Community notes on X seems to be one of the highest profile recent experiments trying to address this issue



> Tools like SourceFinder must be paired with education — teaching people how to trace information themselves, to ask: Where did this come from? Who benefits if I believe it?

These are very important and relevant questions to ask oneself when you read about anything, but we also keep in mind that even those question can be misused and they can drive you to conspiracy theories.


If somebody asks a question on Stackoverflow, it is unlikely that a human who does not know the answer will take time out of their day to completely fabricate a plausible sounding answer.


People are confidently incorrect all the time. It is very likely that people will make up plausible sounding answers on StackOverflow.

You and I have both taken time out of our days to write plausible sounding answers that are essentially opposing hallucinations.


Sites like stackoverflow are inherently peer-reviewed, though; they've got a crowdsourced voting system and comments that accumulate over time. People test the ideas in question.

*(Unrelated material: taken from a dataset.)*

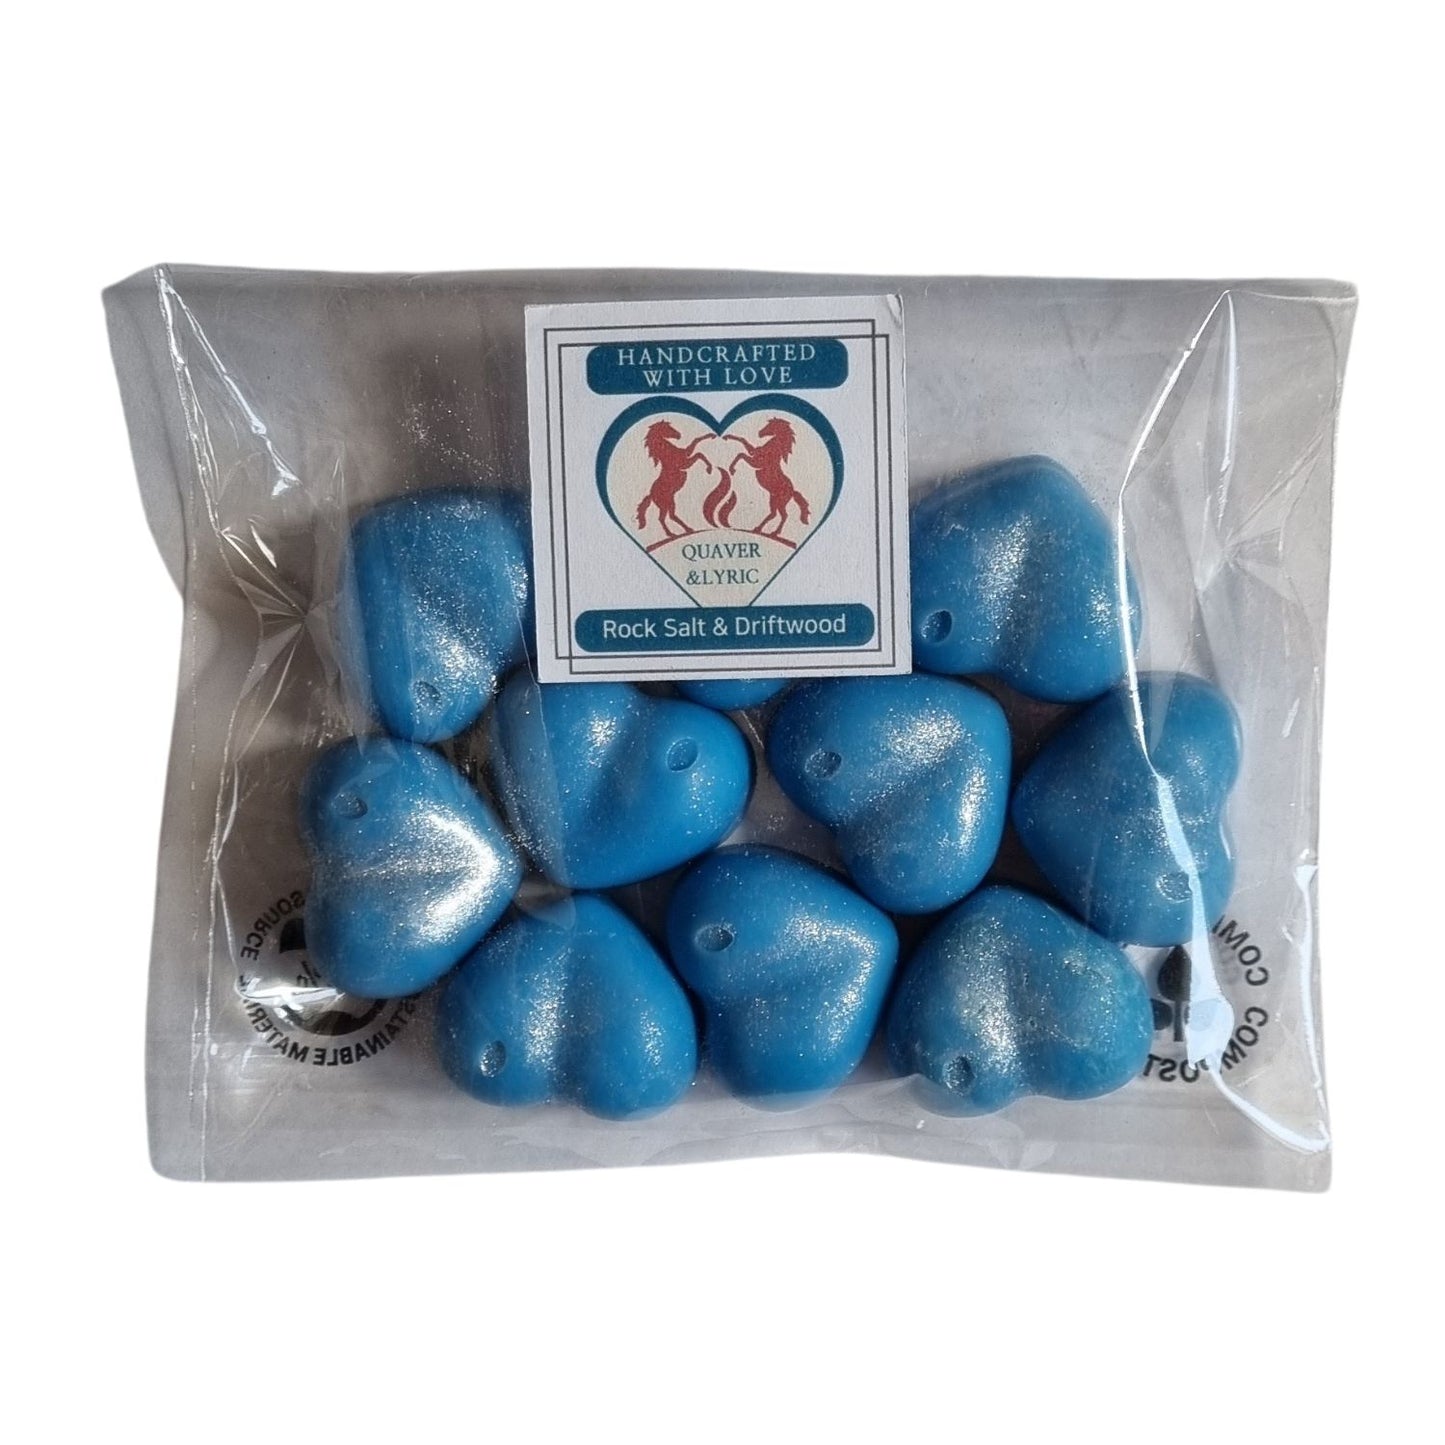 ten ocean blue heart shaped soy wax melts in a packet with Quaver and Lyric branding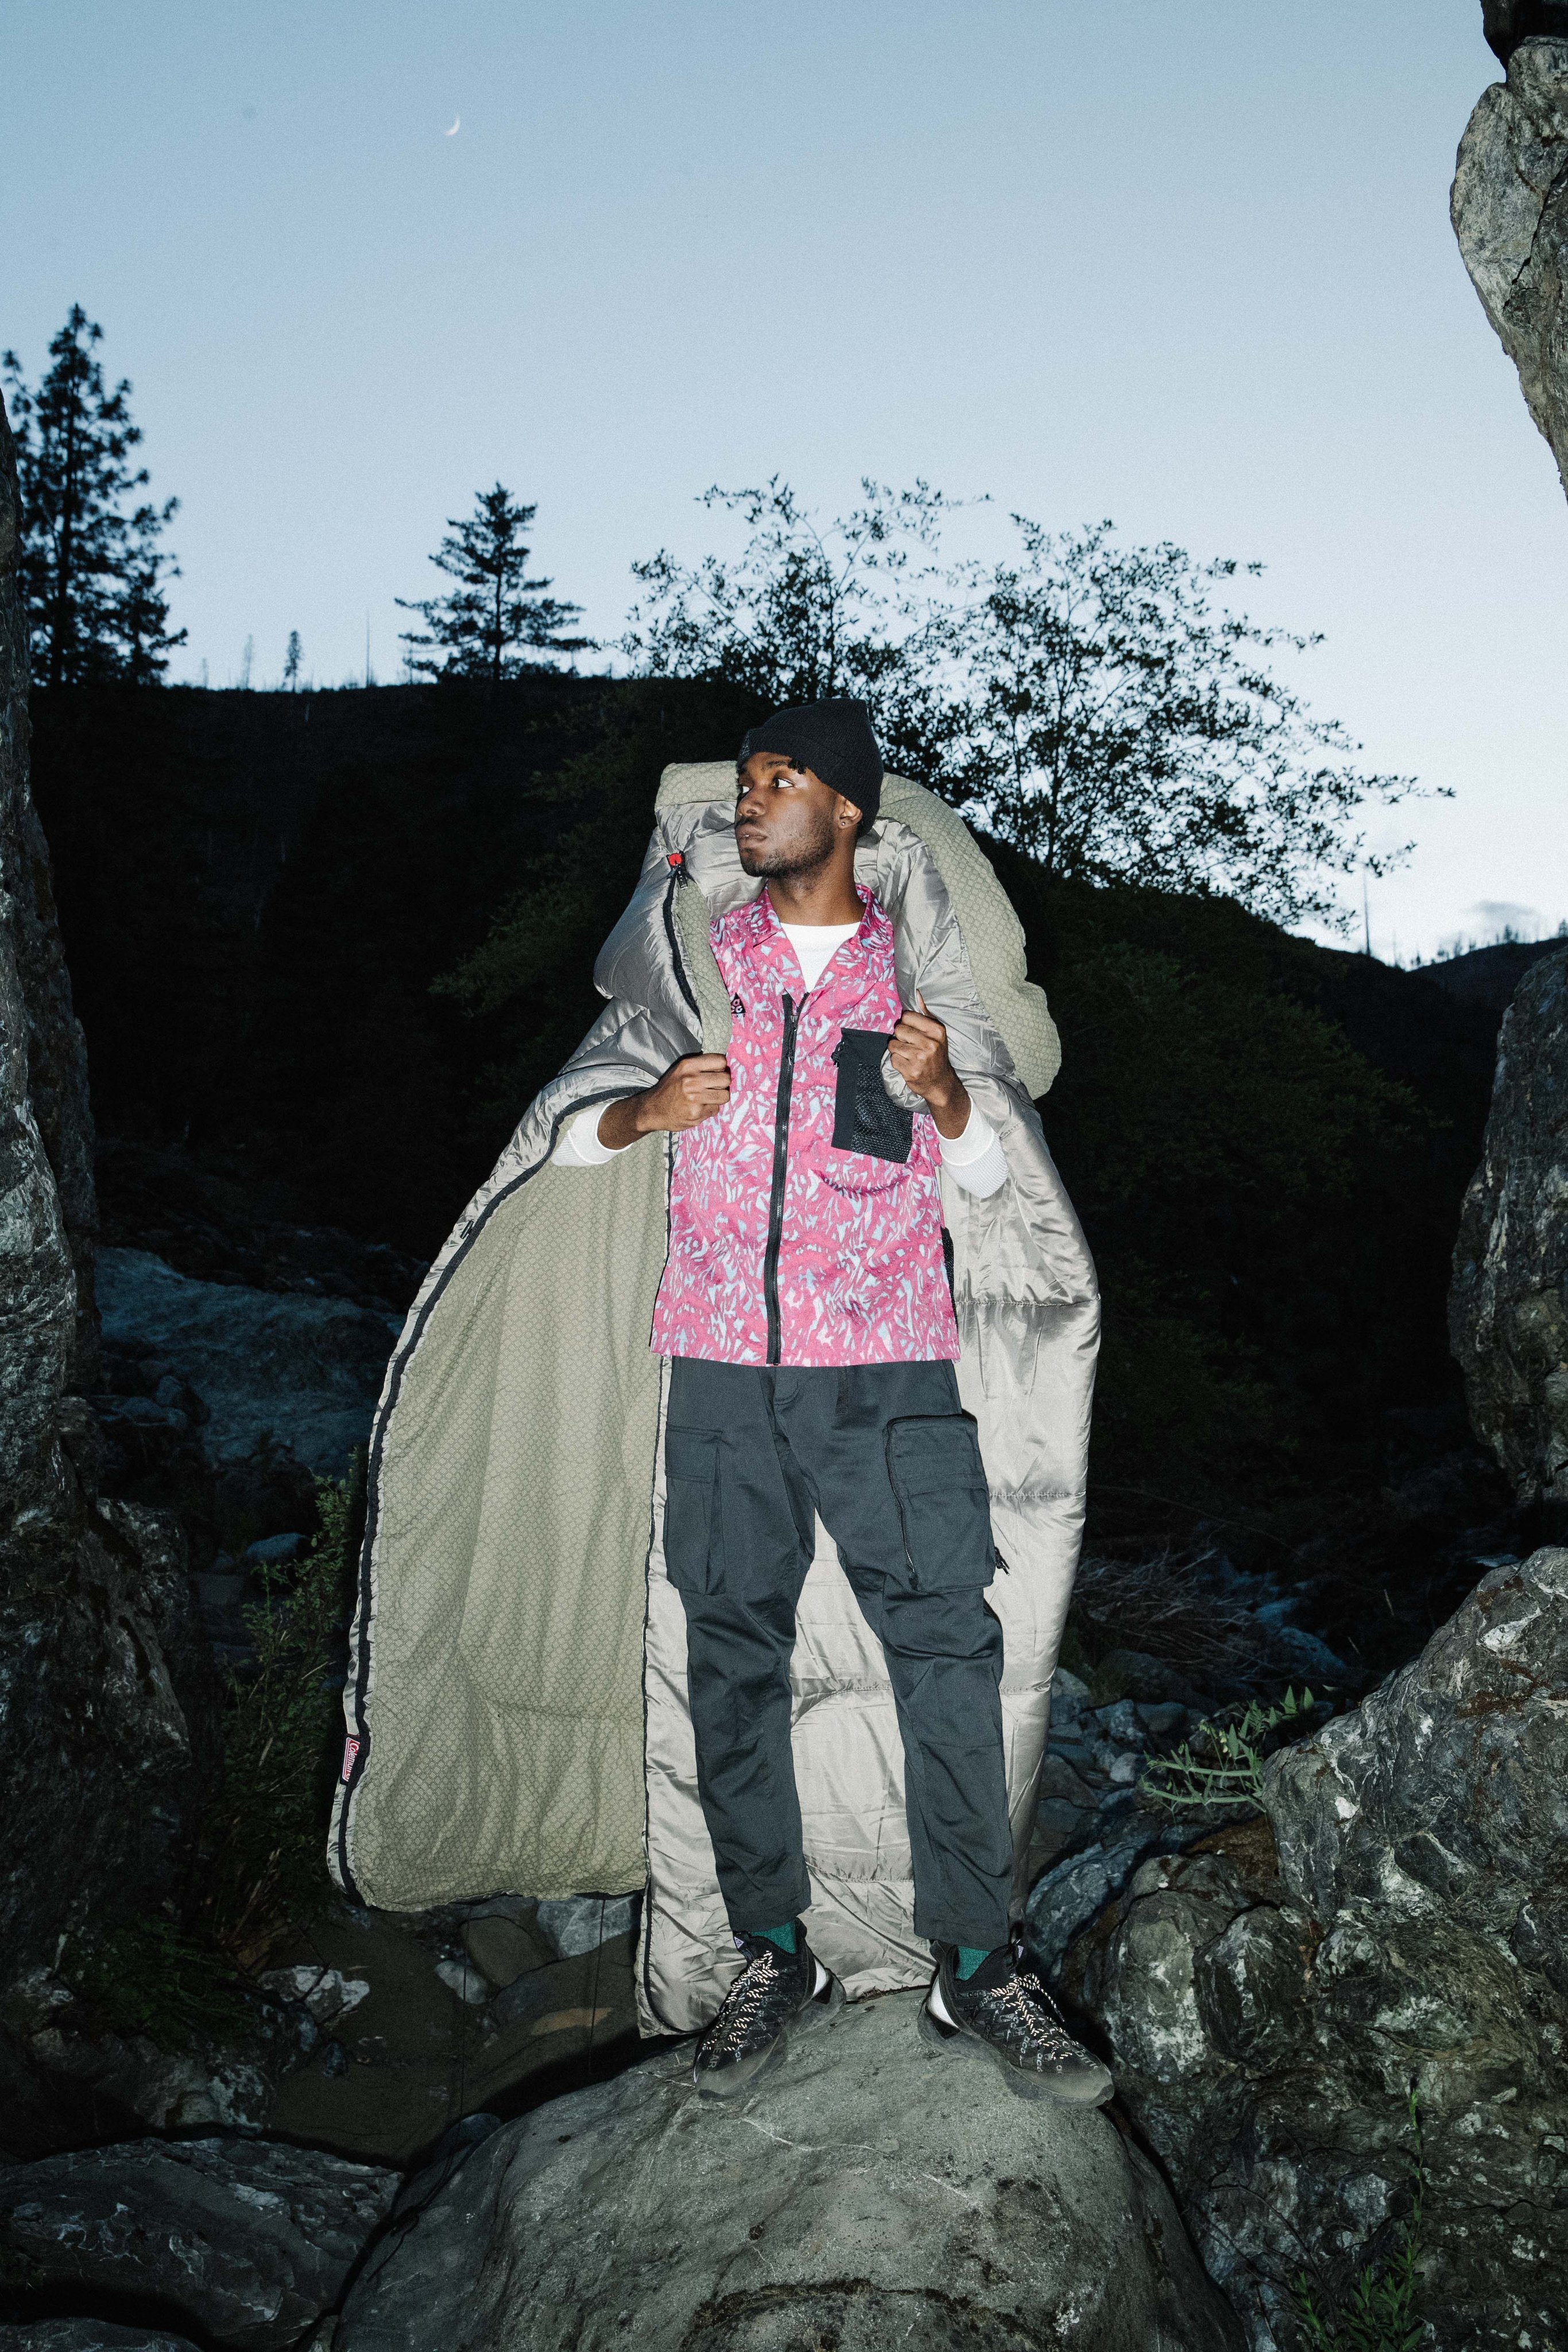 HANON on Twitter: ACG FW19 Collection is available to buy ONLINE now! #nike #acg #allconditionsgear https://t.co/mTF4NhbUIy" / Twitter

This whole "people are just as incorrect as LLMs" is a poor argument, because it compares the single human and the single LLM response in a vacuum. When you put enough humans together on the internet you usually get a more meaningful result.


At least it used to be true.


Have you ever heard of Dunning Kruger effect?

There's a reason why there are upvotes, solution and third party edit system in StackOverflow - people will spend time to write their "hallucinations" very confidently.


What is it about people making up lies to defend LLMs? In what world is it exactly the same as search? They're literally different things, since you get information from multiple sources and can do your own filtering.